Presidential Professor, S.J. Quinney College of Law, University of Utah

Paul G. Cassell received a B.A. (1981) and a J.D. (1984) from Stanford University, where he graduated Order of the Coif and was President of the Stanford Law Review. He clerked for then-Judge Antonin Scalia when Scalia was on the U.S. Court of Appeals for the D.C. Circuit (1984-85) and for Chief Justice Warren Burger of the United States Supreme Court (1985-86). Cassell then served as an Associate Deputy Attorney General with the U.S. Justice Department (1986-88) and as an Assistant U.S. Attorney for the Eastern District of Virginia (1988 to 1991). Cassell joined the faculty at the College of Law in 1992, where he taught full time until he was sworn in as a U.S. District Court Judge for the District of Utah in July, 2002. In November 2007, he resigned his judgeship to return full time to the College of Law to teach, write, and litigate on issues relating to crime victims’ rights and criminal justice reform.

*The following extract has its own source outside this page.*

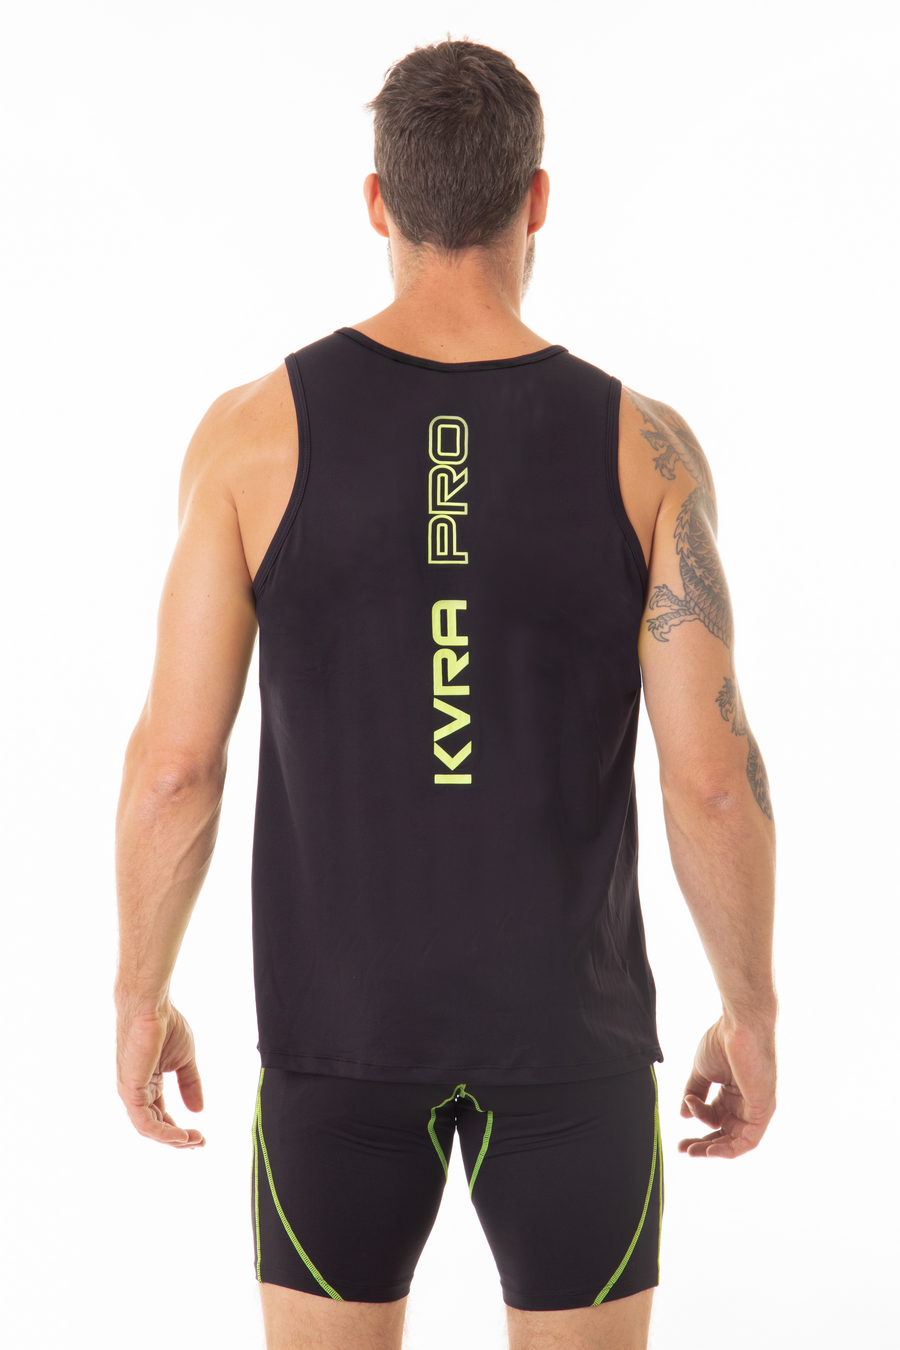 FUNCTION- Performance Tank Top

Professor Cassell teaches criminal procedure, crime victims’ rights, criminal law, and related classes. He has also pubished numerous law review articles on criminal justice issues in journals such as the Stanford Law Review, the Michigan Law Review, the Harvard Journal of Law and Public Policy, and the Journal of Criminal Law and Criminology. He is a co-author of the nation’s only law school textbook on crime victims’ rights, Victims in Criminal Procedure (various editions, most recently in its fourth edition published in 2018).

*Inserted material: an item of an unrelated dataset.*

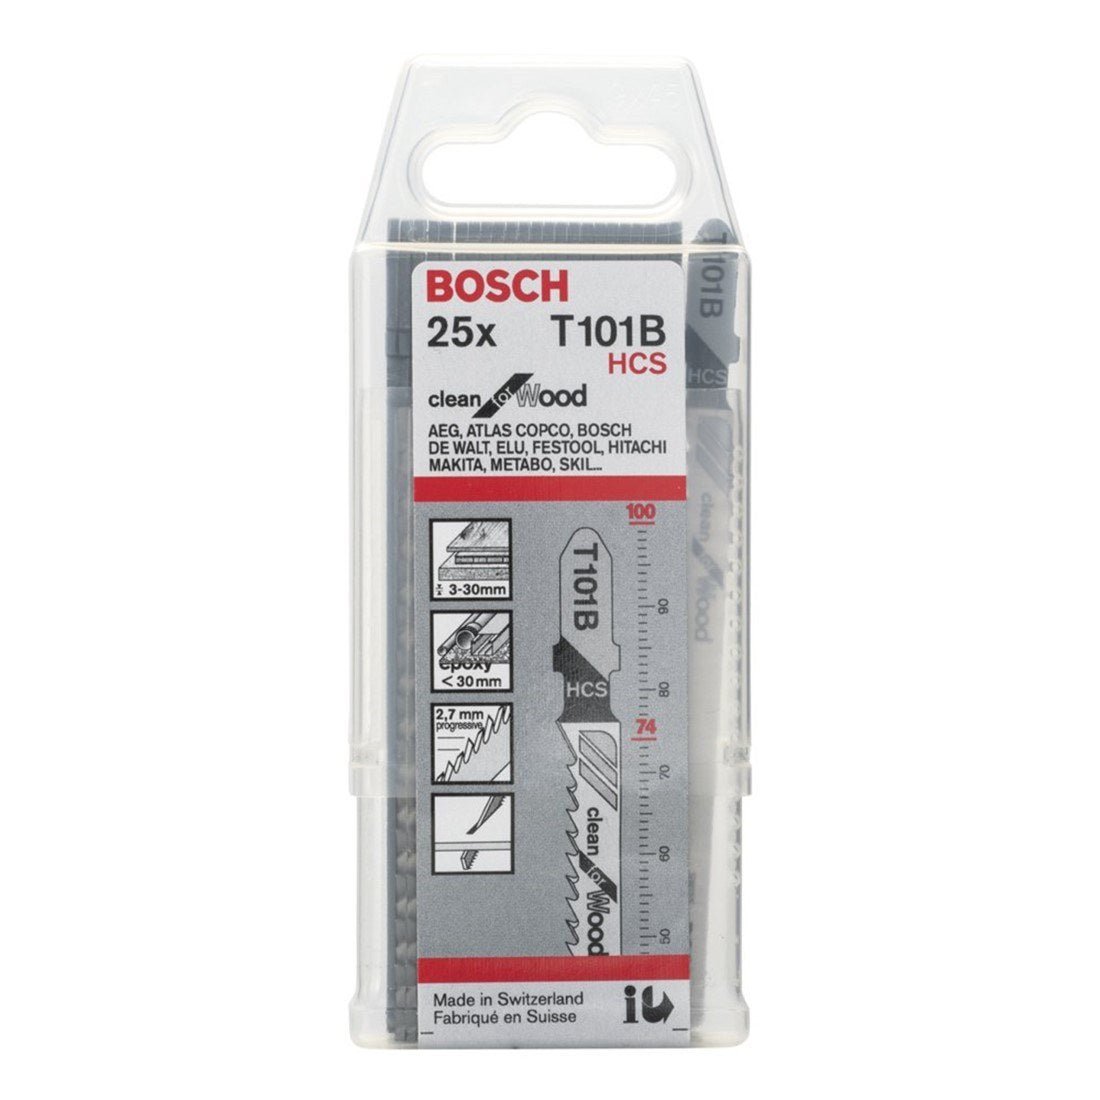 Bosch Jigsaw Blades T 101 B Clean for Wood 25 Pack 2608633622 Power Tool Services

Professor Cassell has argued pro bono cases relating to crime victims’ rights before the United States Supreme Court, the 2nd, 4th, 5th, 6th, 7th, 8th, 10th, 11th, and D.C. Circuits, several U.S. District Courts, the Utah Supreme Court, the Arizona Supreme Court, and various other courts around the country.

Cassell is a member of the American Law Institute and fellow of the American Bar Foundation.